All data is equal — at least that’s what we think.
Is all data equal? If truth be told, I never gave it much thought. I have been using one vendor nearly exclusively for about 20 years. My fills are good enough. My closing prices seem to match what I see on television or find online. As long as the profits roll in, there has been no reason to question the data.
But then I was told by another vendor that my vendor’s data is off by just enough to generate a side income, through the slippage from actual price to the price I am presented. My curiosity was piqued, and so I decided to investigate. First, I set up a spreadsheet and compared the two vendors. To keep it simple, I considered only the past five years of data. My data experiment ran from June 30, 2005, to June 29, 2010.

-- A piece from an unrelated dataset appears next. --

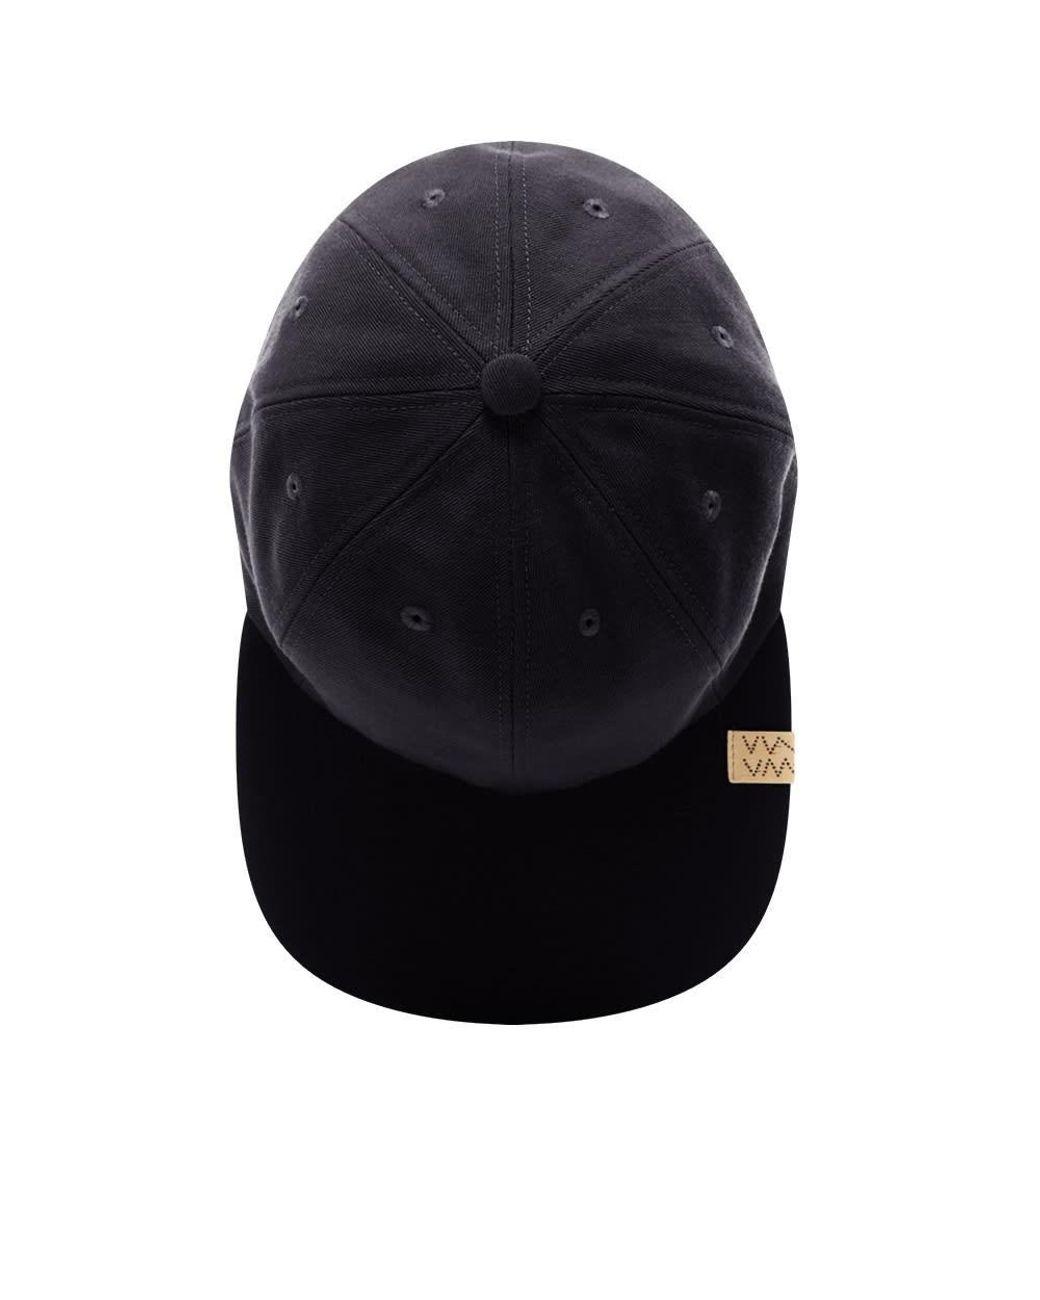 Ralph Lauren RRL Blue Satin Wings Logo Patch Flight Hat Cap New

I began by exporting the data for a single symbol from each software application to a comma-separated value (Csv) text file. The instrument I chose was the Russell 2000 index, which has different symbols in different software, like Rut, $Rut, and RU2000. I selected the Russell 2000 because of its high liquidity, ease of use, and it is something little guys like us can trade.

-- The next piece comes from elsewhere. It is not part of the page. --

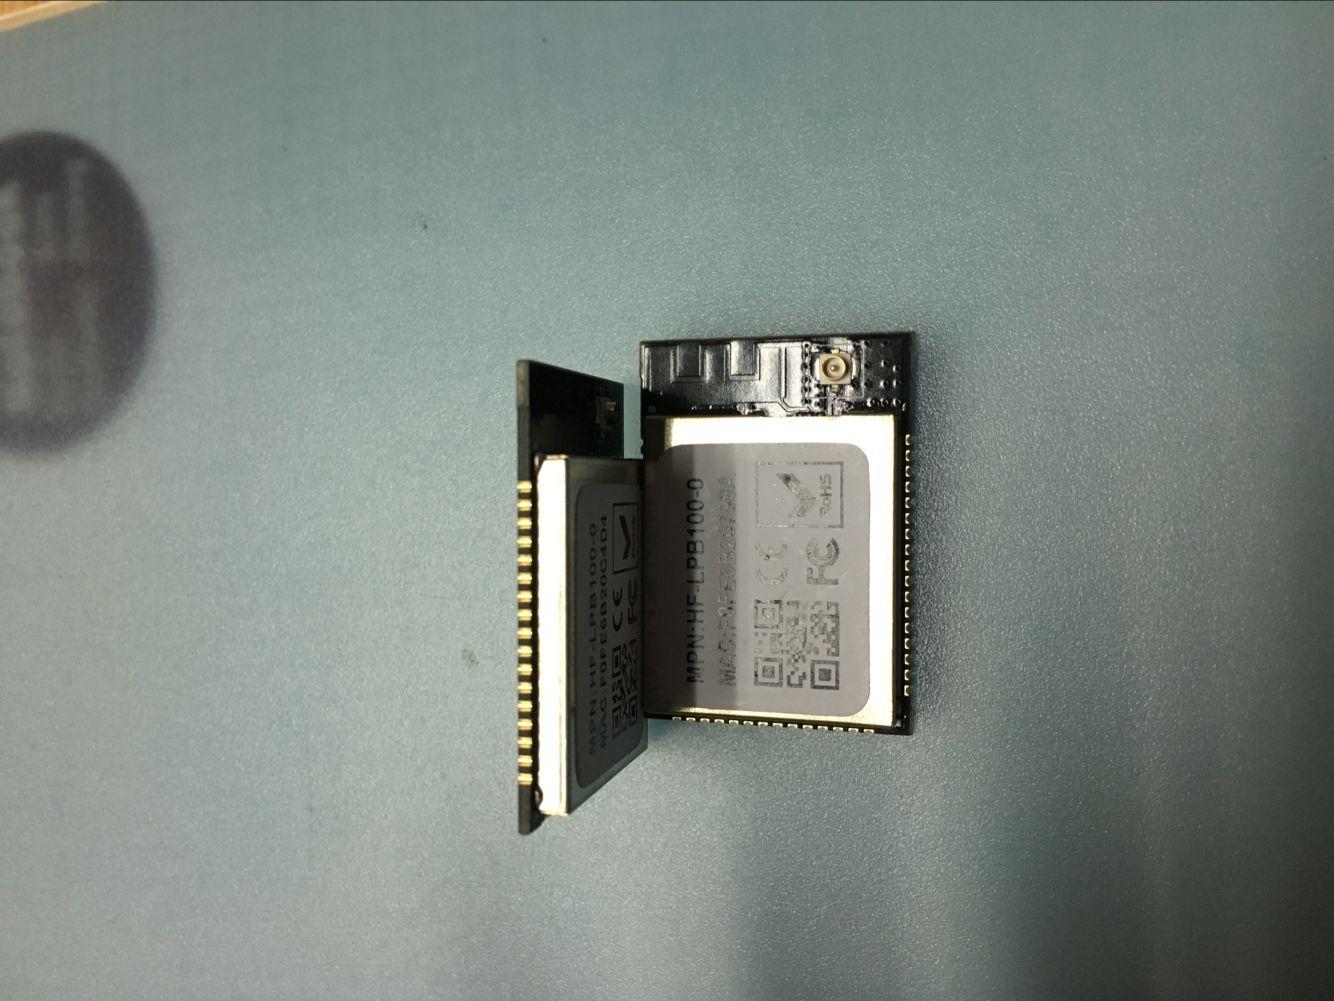 Low power, audio frequency configuration, UART serial port, WiFi wireless module, HF-LPB100U-0

Figure 1 shows the beginning of the spreadsheet, with the data of the two vendors (T and M) in the columns. At first glance it appeared that everything was in order, with small discrepancies here and there. The differences in the data, where there is one, seem to be out in the hundredths place, like 600.01 vs. 600.02. That wouldn’t make much difference over time, with some errors to the positive and the negative. It seems like it should be a wash.
Next, I put columns in the spreadsheet to calculate the differences between the open, high, low, and close (Ohlc) of each vendor.
Figure 1: data comparison, vendor t vs. vendor m. The differences in the data seems to be in the hundredths. Will deviations this small affect your profits?